From the material below, set down exactly the lines that run from the one containing "Cosmo Oxygen - Triangle Blend Aqua" to the one containing "A320-200 B-1629 中国沈阳桃仙国际机场", minus the pictures.

— RECORDS SHOWN —
━━━━━━━━━━━━━━━━━━━━━━━━━━━━━━
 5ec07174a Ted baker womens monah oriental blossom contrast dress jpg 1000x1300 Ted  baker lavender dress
━━━━━━━━━━━━━━━━━━━━━━━━━━━━━━
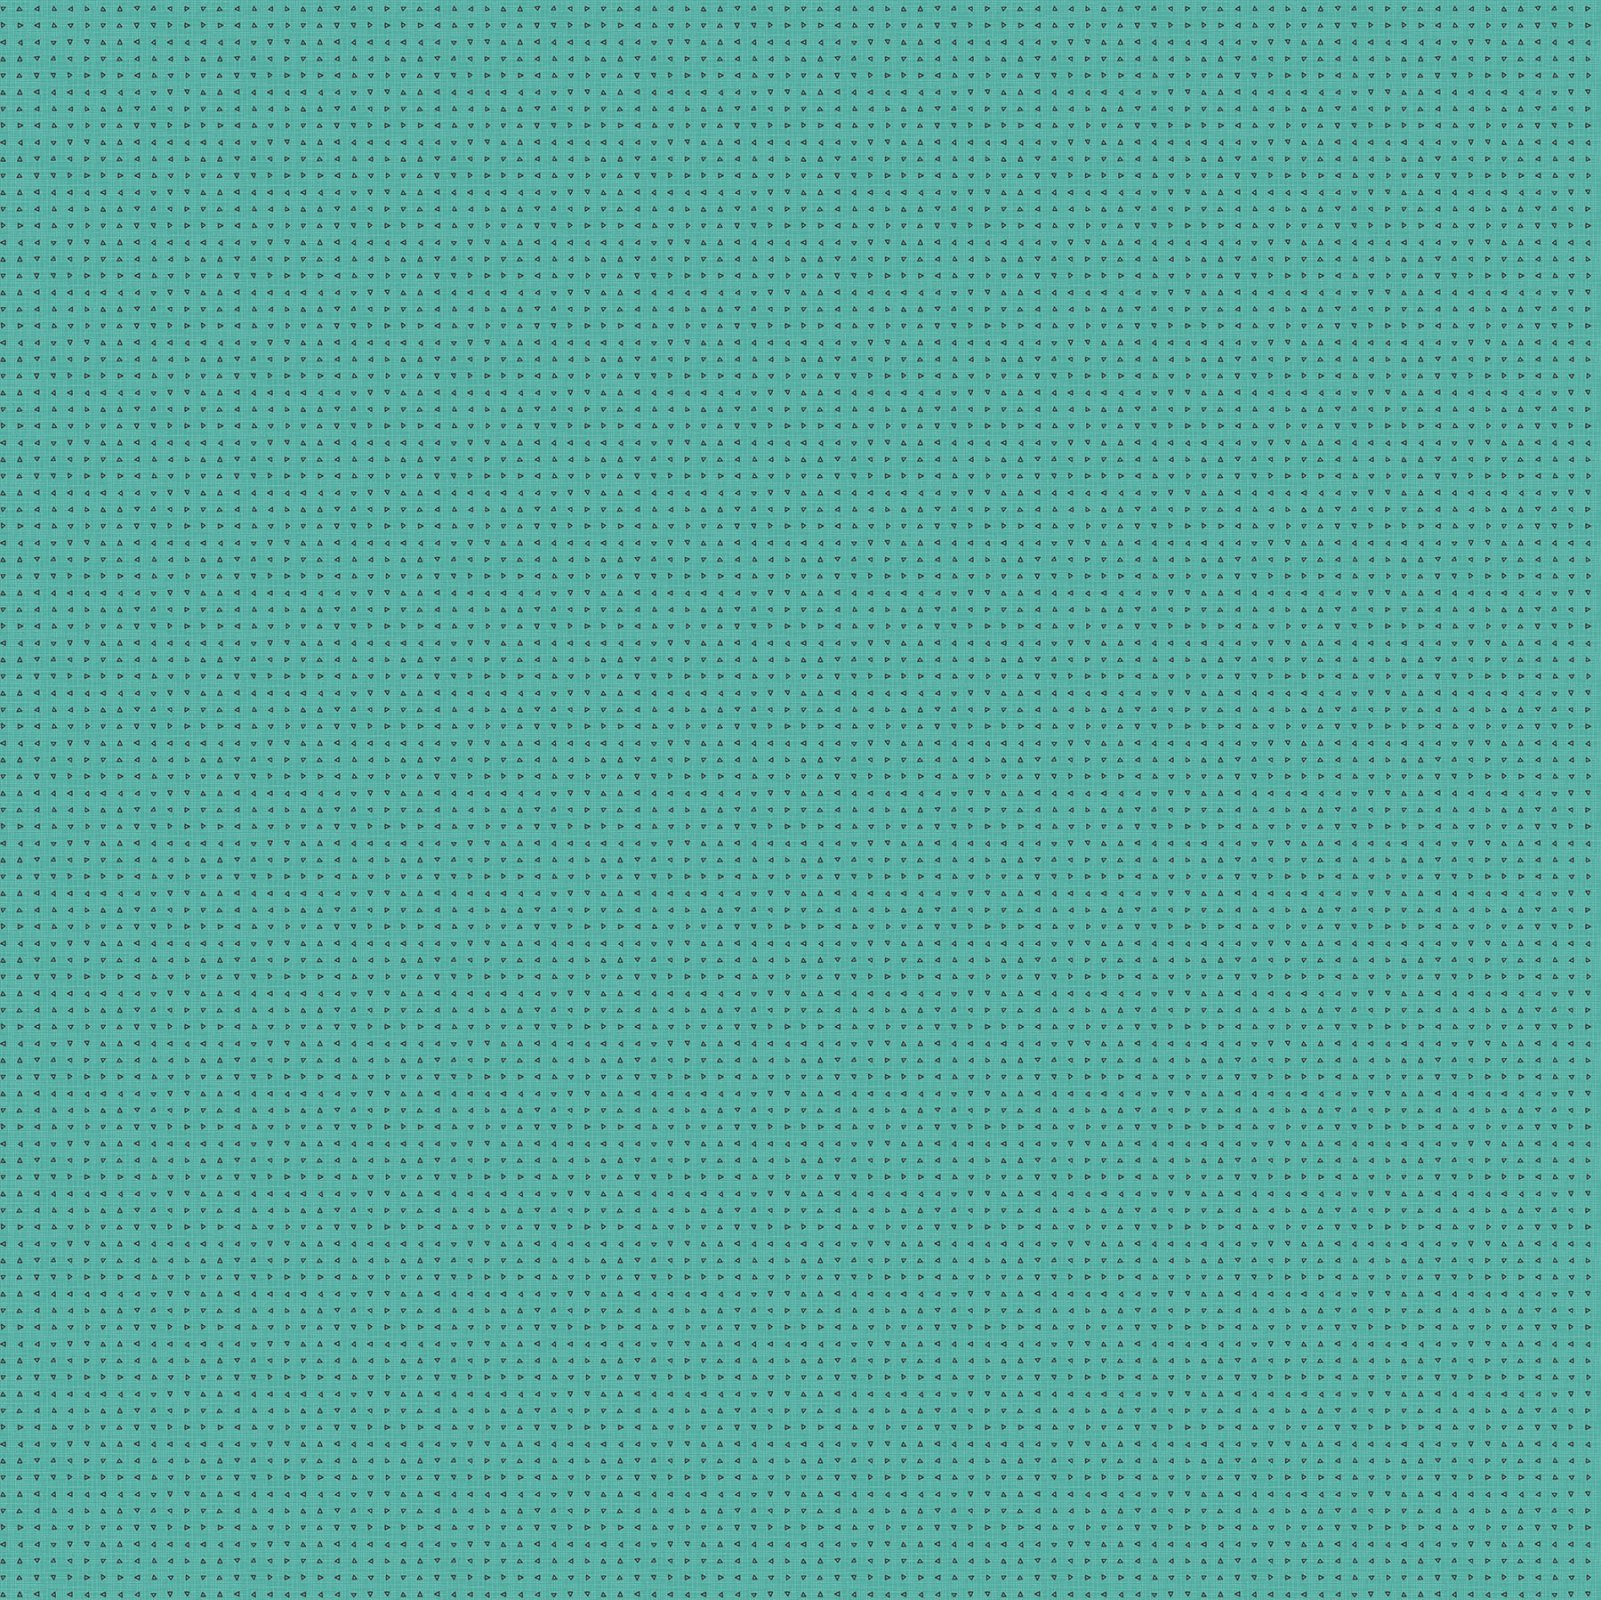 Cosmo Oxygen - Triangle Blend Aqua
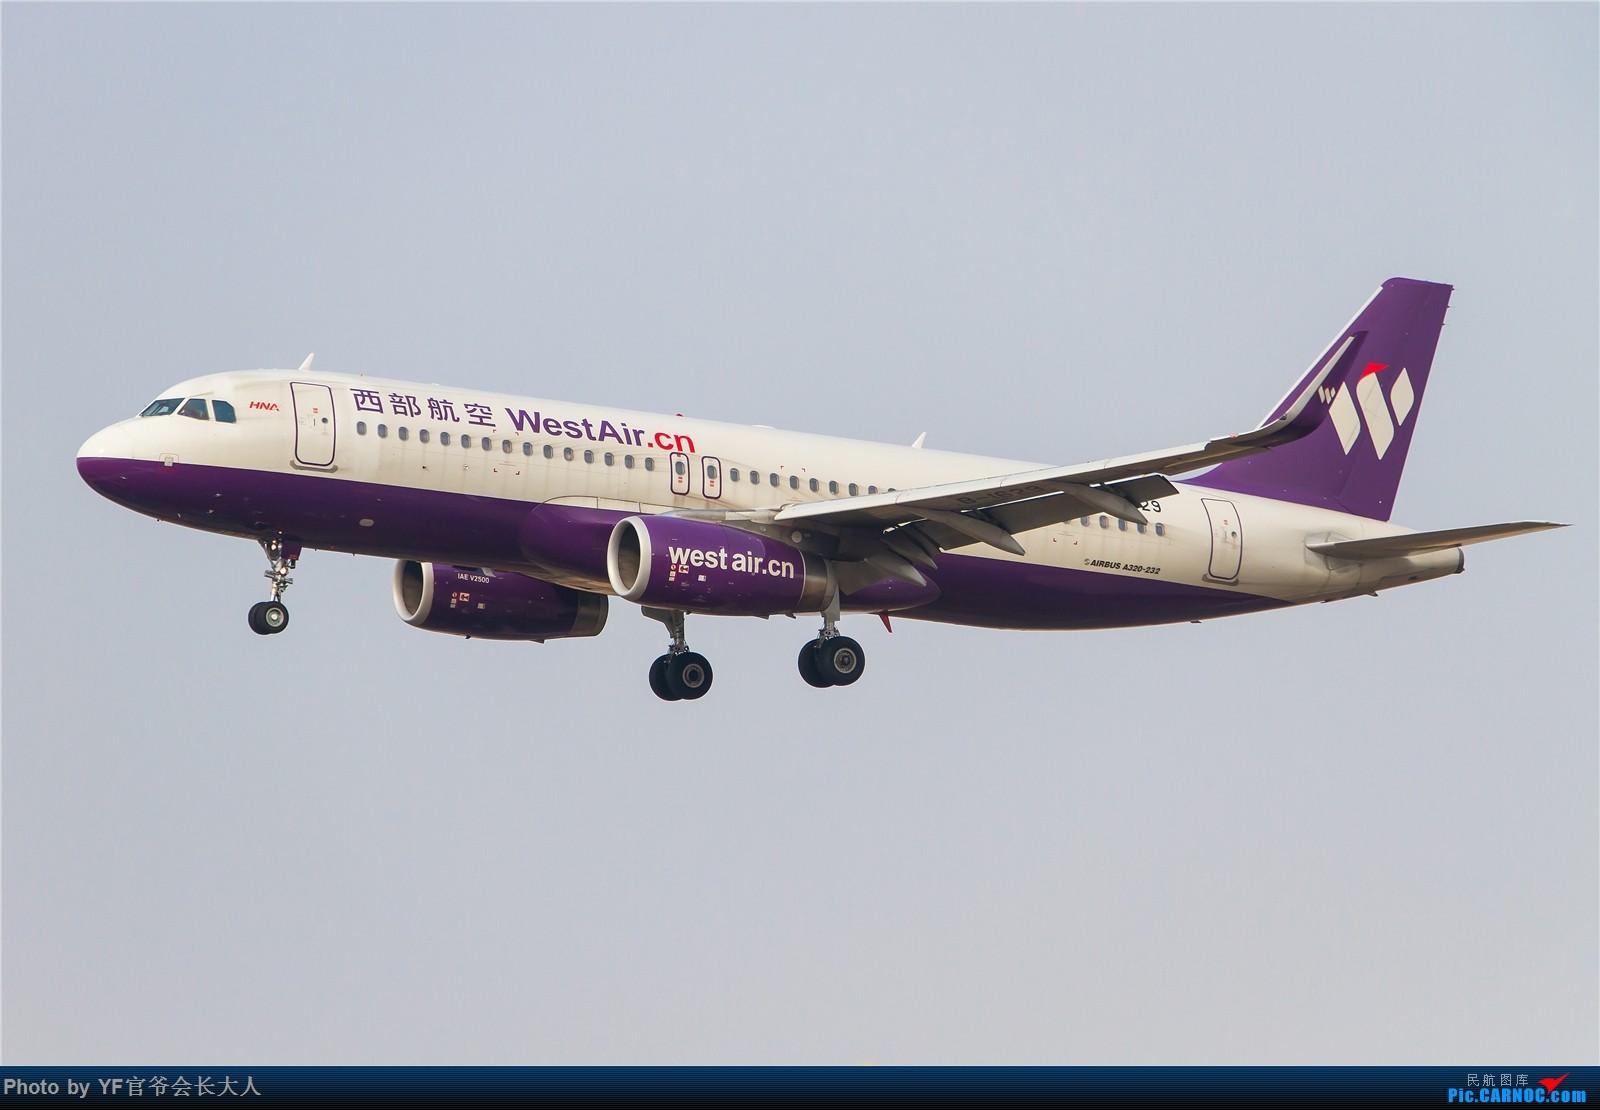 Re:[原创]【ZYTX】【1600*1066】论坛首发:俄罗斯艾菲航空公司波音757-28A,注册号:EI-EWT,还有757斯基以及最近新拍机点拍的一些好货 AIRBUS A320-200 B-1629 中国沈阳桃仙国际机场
━━━━━━━━━━━━━━━━━━━━━━━━━━━━━━
— THE COMPLETED TASK —
 Cosmo Oxygen - Triangle Blend Aqua
 Re:[原创]【ZYTX】【1600*1066】论坛首发:俄罗斯艾菲航空公司波音757-28A,注册号:EI-EWT,还有757斯基以及最近新拍机点拍的一些好货 AIRBUS A320-200 B-1629 中国沈阳桃仙国际机场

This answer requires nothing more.